Wooster Road project likely extended for $2.5 million water line replacement
By BOB MOREHEAD
BGNN senior staff writer
If an ordinance introduced to Barberton City Council Oct. 28 is approved, Wooster Road W will be tied up longer than originally thought.
The ordinance pays Kenmore Construction $2,462,159 to replace geriatric water line on the thoroughfare from Fourth to 25th street.
“There’s been an increase in breaks,” service director Todd Shreve told council. “We’ve had five since this project started.”
Shreve said part of the money can come from the water department’s capital fund but the rest will likely be notes. The debt is necessary, though, he said, to prevent the recurring and frustrating problem of ripping up a freshly paved road surface to fix a failing water line, inevitable since the line in question is about a century old.
Shreve said they hadn’t worked out yet how long this will extend the project, which had been scheduled to wrap up in November 2025.
The Utilities Committee approved the measure, sending it on to the full council.
That night, city council approved a lease agreement for the city’s sundry service departments; the request came at the Oct. 21 committee work session.
The city will now gradually replace 22 vehicles it owns in the water treatment plant, sewage treatment plant, water distribution and collection department and storm water department with new ones leased from Enterprise Fleet Management. Shreve said the arrangement will save more than $200,000 over 10 years.
Council also passed an amendment to Barberton’s community reinvestment area. The change expands CRA area 2 to be the entire city with the exception of area 1, which subsumes the Trucen Farm development. This provides a 100% tax abatement for 15 years on new residential construction in Area 2. The Trucen project has its own abatements.

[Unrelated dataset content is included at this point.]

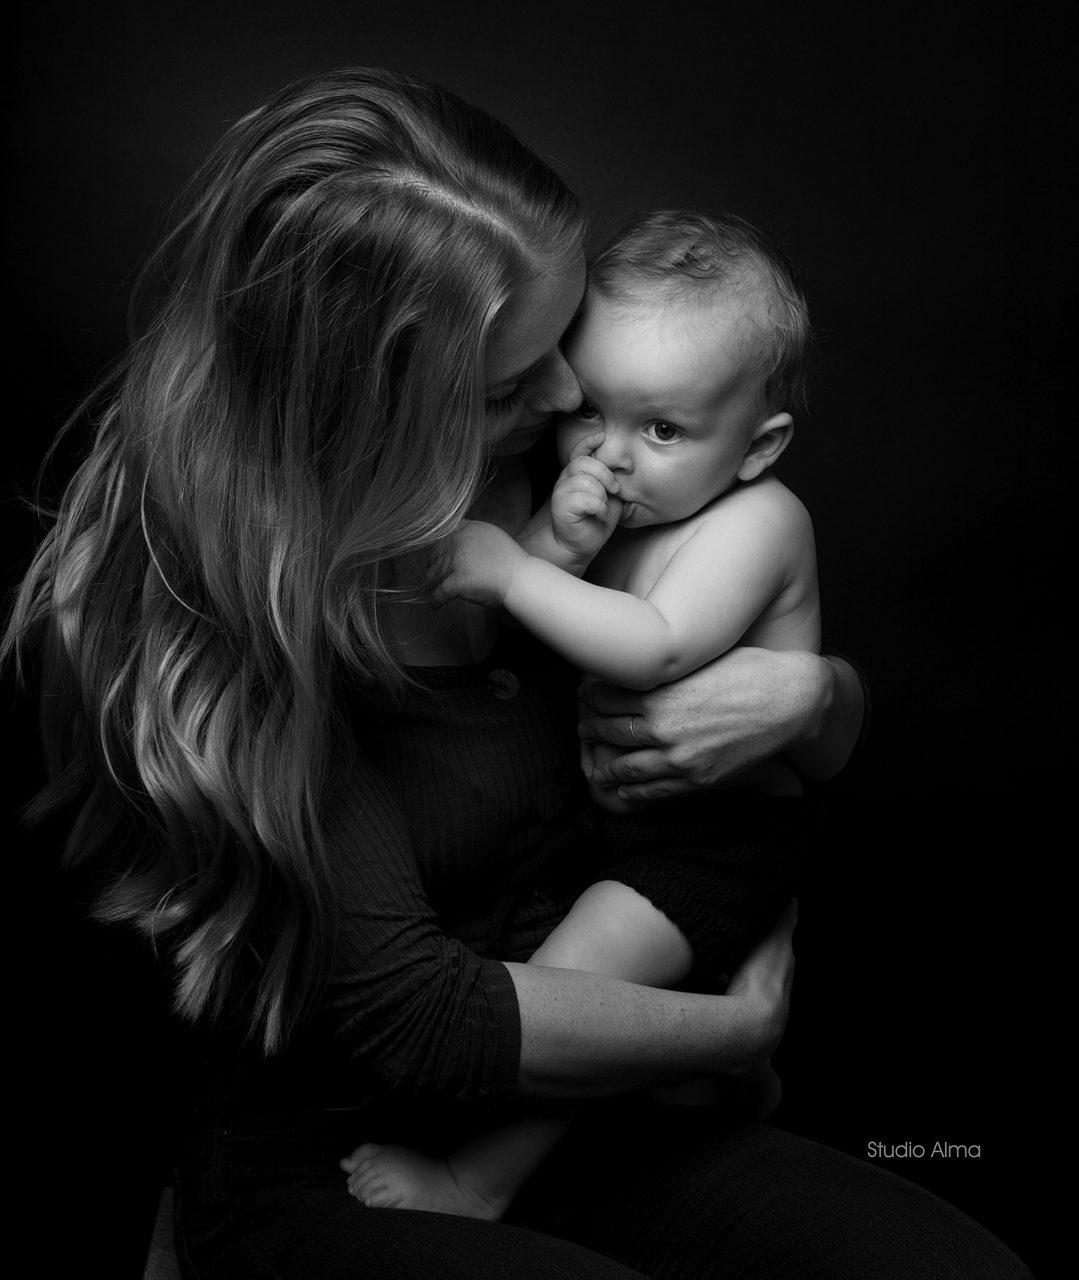 morbarn-barnebilde-fotograf-studioalma

Sandy Baker and Janice Low were reappointed to the Board of Health. Susan Wynn, Jolese Rogers were approved for the Design Review Board and David Wynn and Anthony Harmon were approved for the Planning Commission.
Council also renewed the prosecutor contracts with the cities of Green, New Franklin and Norton.
The grant application for $500,000 over 25 years to the Barberton Community Foundation for the justice center/municipal building project got a second reading and was sent for a third.
Emerging from committees that night was a measure to use $125,000 of Community Development Block Grant money to build restrooms at College Park and a tentative agreement with the local firefighters union.
Another measure appoints retired Metro RTA executive Charles Rector as Barberton’s representative on the Metro board.